5 Important Traits Of A Marathon Runner
By Kirsten Cowart
Back in 2014, Glenn Geher Ph.D. ran a marathon in the coastal New Hampshire area. As a research psychologist, he compiled some fascinating traits of marathon runners that he learned from the painful and difficult journey of running his 8th marathon.
Whether or not you are a runner, there are valuable lessons that we can all learn from his experience.
Here are the 5 lessons he shared about the psychological effects of marathoning:
1. Marathoners are task-oriented in life.
People come from many different backgrounds and have many different perspectives in life, but something that marathon runners have in common is that they are ‘task-oriented.’
People who are focused on tasks rather than time or relationships are primarily motivated to complete their goals. For example, if your 5 pm whistle blows and you are time oriented, then you will say to yourself, “I will finish up my work tomorrow.” If you are task oriented, then you are likely to keep working until your task is finished, no matter how long it takes.
2. Marathoners show all the signs of conscientiousness.

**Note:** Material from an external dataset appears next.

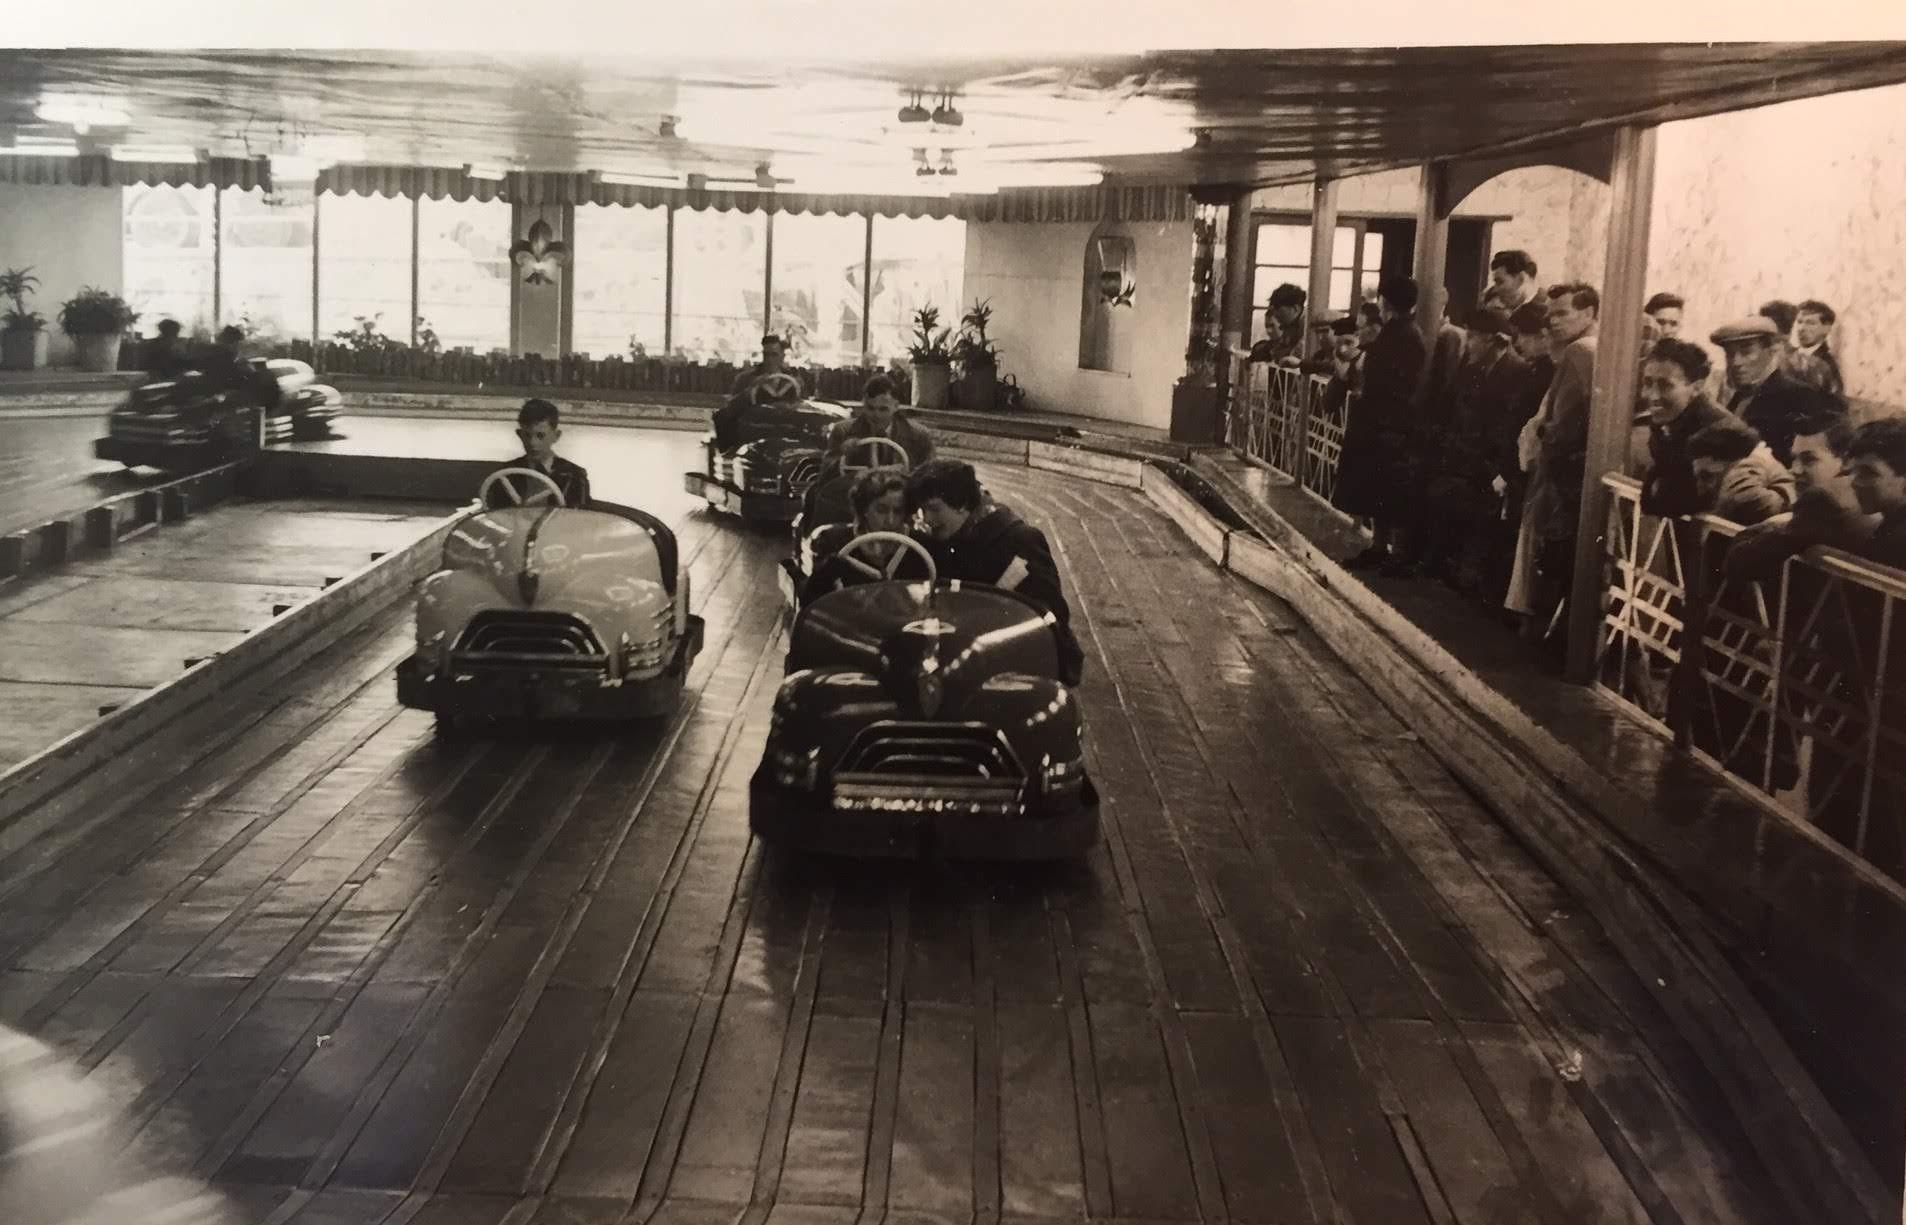 Barry's Racing Cars

Conscientiousness is a trait characterized by showing a strong tendency to be reliable and diligent; conscientious people tend to keep things on task and organized. If you are low in conscientiousness, then you tend to be generally disorganized, whereas if you are high in it, then you are often hyper-organized. Good or bad, marathon runners have a tendency to be high in conscientiousness.
3. Being a marathoner demonstrates a lot to yourself and others.
There are many behaviors that you have in life that demonstrate who you are to yourself and others (see Miller, 2000). Running 26.2 miles at one time is an incredibly difficult challenge that demonstrates many specific qualities. When you complete a marathon, you show yourself and others your incredible levels of dedication, time and energy management, self-sacrifice and more.
4. Marathoning allows extreme people to connect with people just like them.
Just like all extreme activities, marathoning attracts a specific crowd of people. What is awesome about doing an extreme activity is that it will attract people who are very similar to you. For example, skydiving is probably going to attract people who are similar in mindset, perception and taste for adrenaline.
Marathon running is an extraordinary example of camaraderie. This highly social activity helps you find friends in pretty much anyone running at the same pace as you are.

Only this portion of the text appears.